Examinex escape incorrectly value for -1 #100

bielu · 2024-04-08T13:32:11Z

Hi @Shazwazza ,
When working on project where examinex was requested by client, I found similar bug to Novicell/Novicell.Examine.ElasticSearch#17
When passing my field value as -1, it is the lucene query retrieve by examinex:
+(+x__IndexType:content) +x__Published:y -hideFromSearch:1 +spath:1
which cause incorrect results as my spath has indexed -1!
In my elastic search provider i resolved it by escaping negative ints, not sure if that is correct approach for this however.

Edit: Forgot mentioned versions:
Umbraco 13.2.2
Examinex 6.0.0-beta.2

Shazwazza · 2024-04-08T14:59:21Z

The - is a reserved character in Lucene so the lucene parser will remove it unless you escape it for searching with prefixed backslashes.

Can you please advise on what field type you are searching on and what query you are using to search along with what data is in that field? I need this to try to replicate.

There are several unit tests in ExamineX for testing paths with -1 so need to know specifically what and how you are searching.

Thanks!

bielu · 2024-04-08T15:41:00Z

It is example what I do with query:

and there is field type:

and there is how it is index:

it is interesting that it works with normal examine on lucene and generate correctly -1 😂 but as soon it comes here it doesnt

Shazwazza · 2024-04-08T15:58:35Z

So spath is being indexed as a normal full text field type with a standard analyzer, so all stop words and punctuation, etc... are stripped out - is this what you are expecting?
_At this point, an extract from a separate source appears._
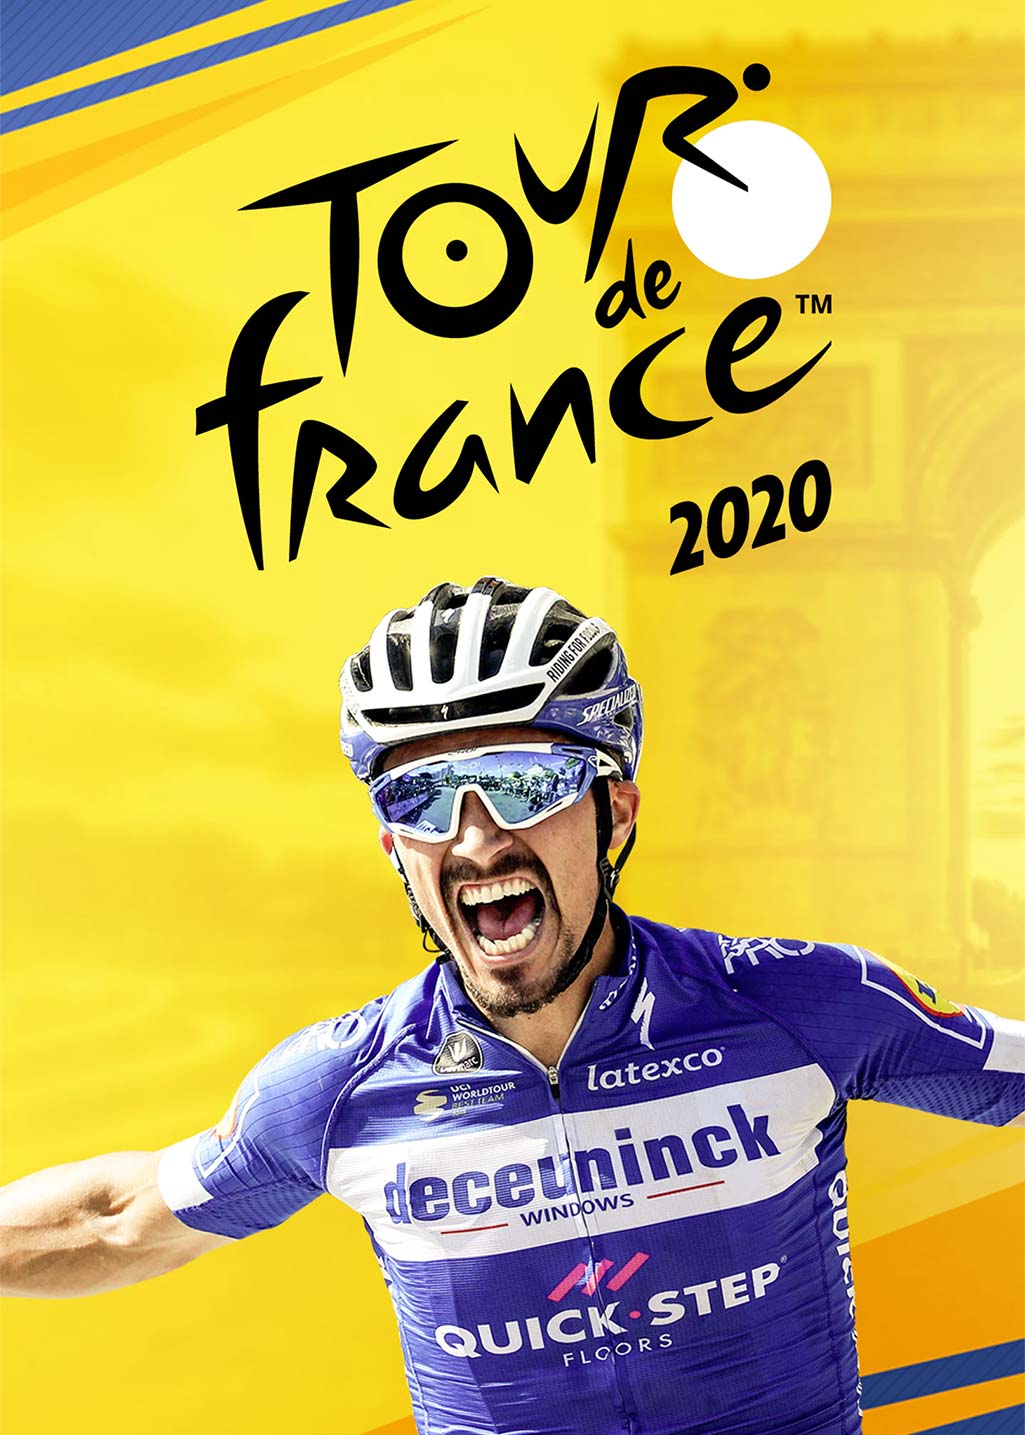 Tour de France 2020

Similarly, because the field type is full text and the analyzer is standard for that field, when it parses the query, it will strip off reserved words and punctuation (like the minus symbol). If you want to retain the minus symbol in your search query then you would need to escape the value, like request.ListingId.ToString().Escape()

But I don't know what the value for ListingId is, can you please specify? Is it always a specific number or is it a path value, etc... ? Perhaps standard analyzer isn't what you should be using on this field, it really depends on what this field is.

bielu · 2024-04-08T16:09:50Z

Listing id is always int, so values would be spath can be index as keyword, but it still not explain why switching to azure search makes difference between how query looks 🤔
i mean here, based on docs, the indexing and querying should be 1:1 with lucene examine. So i would expect both to return same lucene query :)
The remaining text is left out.